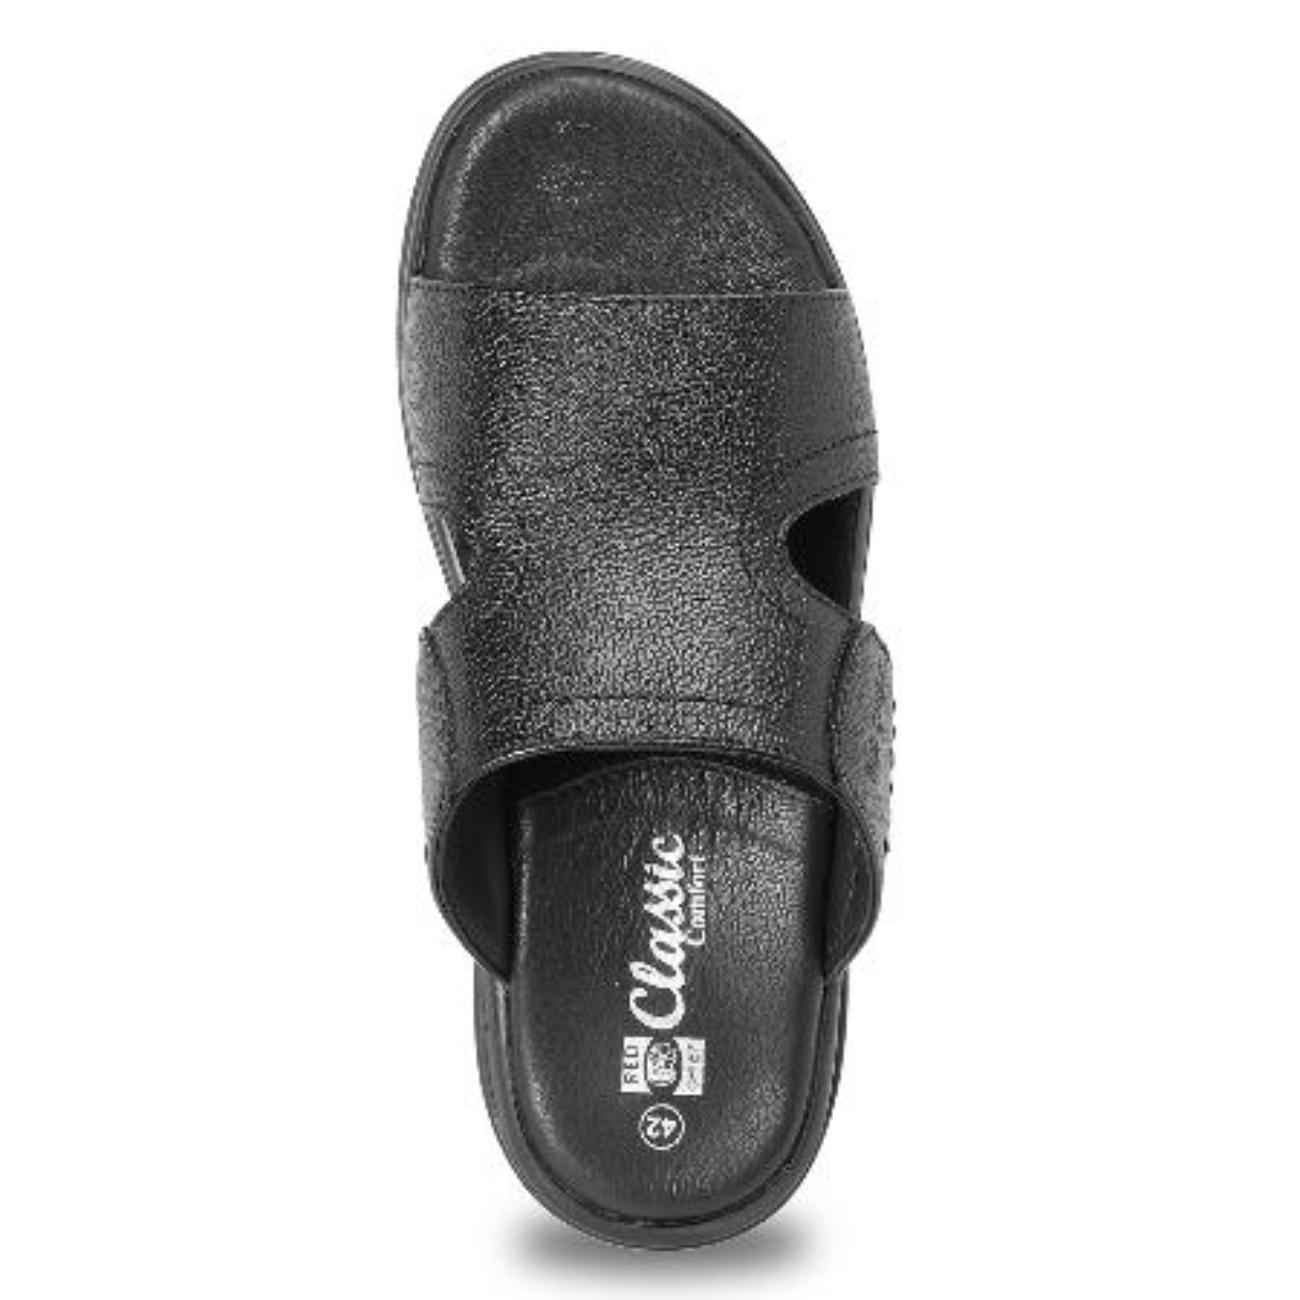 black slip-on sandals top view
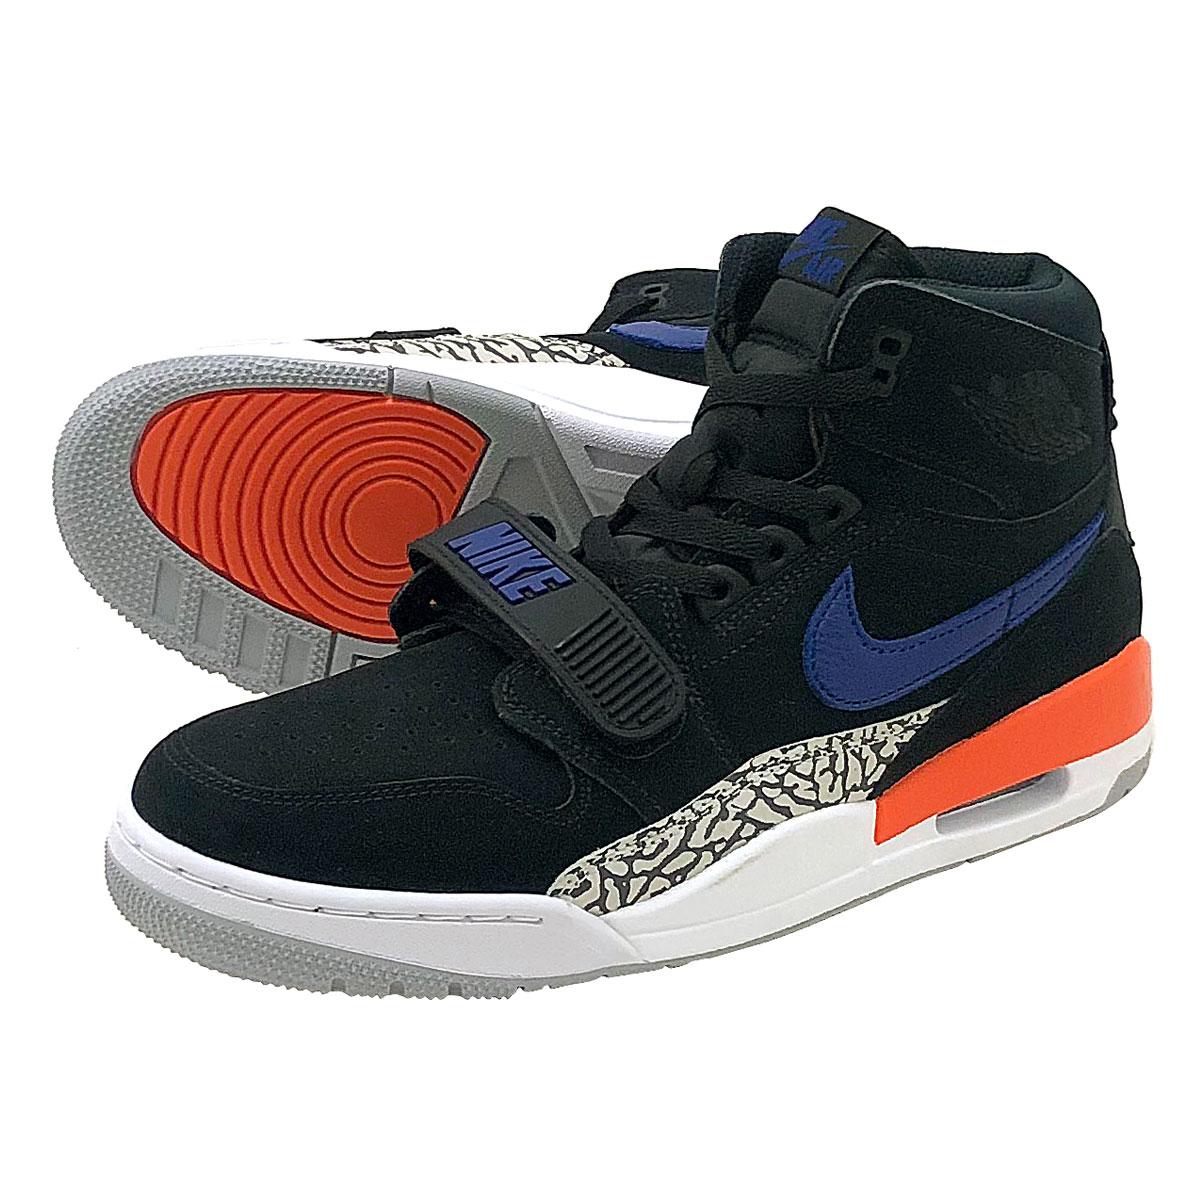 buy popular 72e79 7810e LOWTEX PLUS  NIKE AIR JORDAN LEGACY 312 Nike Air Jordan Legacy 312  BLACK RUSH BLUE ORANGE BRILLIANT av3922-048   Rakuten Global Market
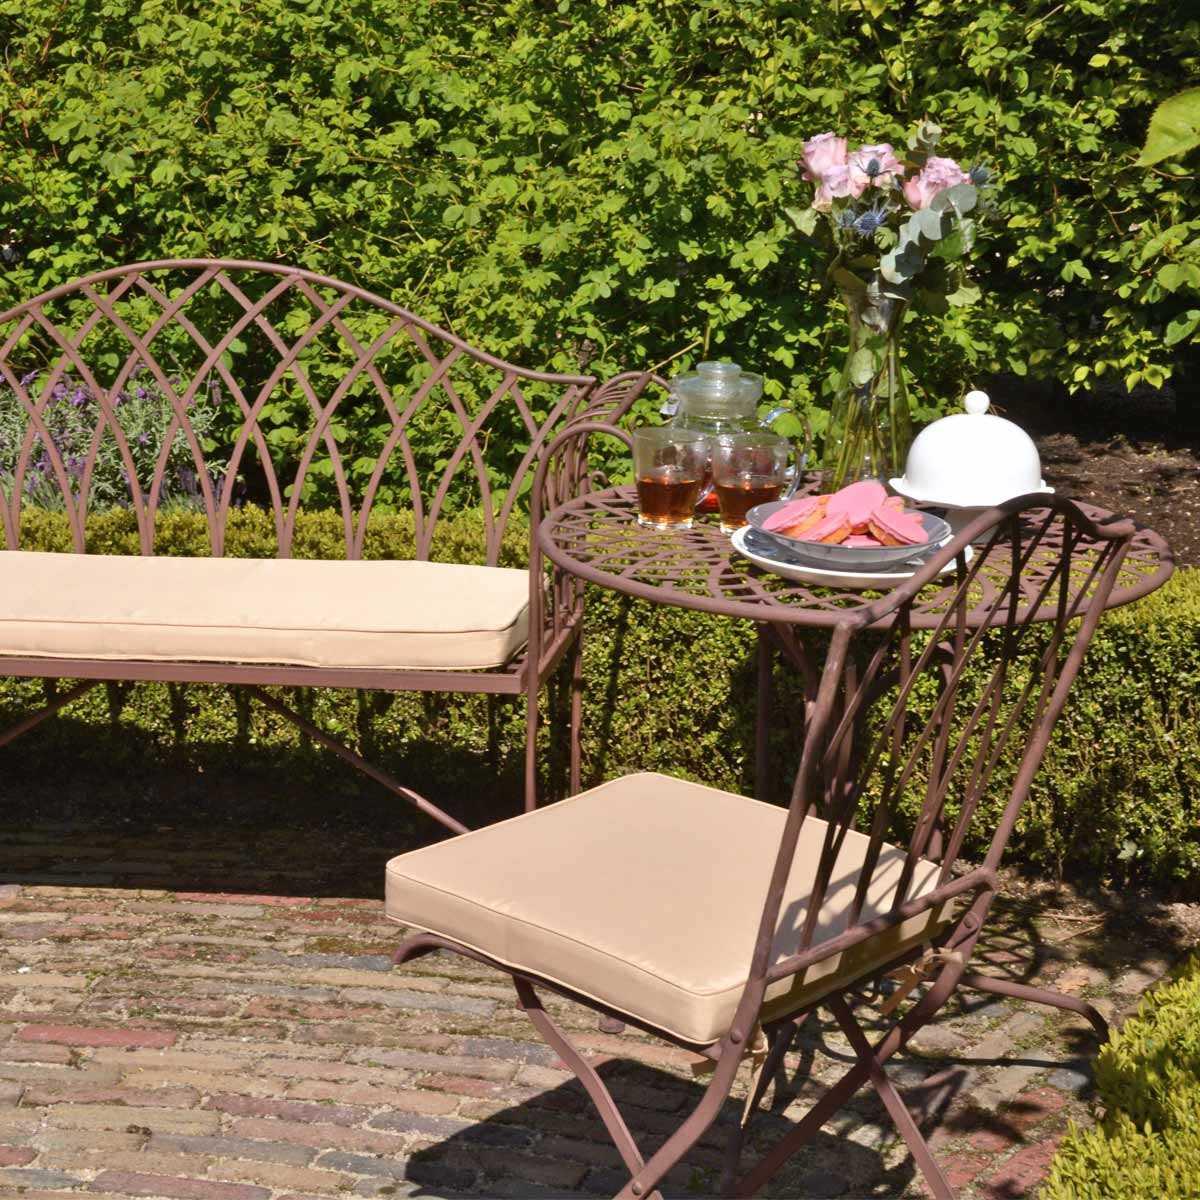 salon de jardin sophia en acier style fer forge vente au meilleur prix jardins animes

■ WHAT YOU WILL DO ■
Pictures included in the data should be dropped; everything else must be repeated exactly.

■ TASK OUTPUT ■
 black slip-on sandals top view
 buy popular 72e79 7810e LOWTEX PLUS  NIKE AIR JORDAN LEGACY 312 Nike Air Jordan Legacy 312  BLACK RUSH BLUE ORANGE BRILLIANT av3922-048   Rakuten Global Market
 salon de jardin sophia en acier style fer forge vente au meilleur prix jardins animes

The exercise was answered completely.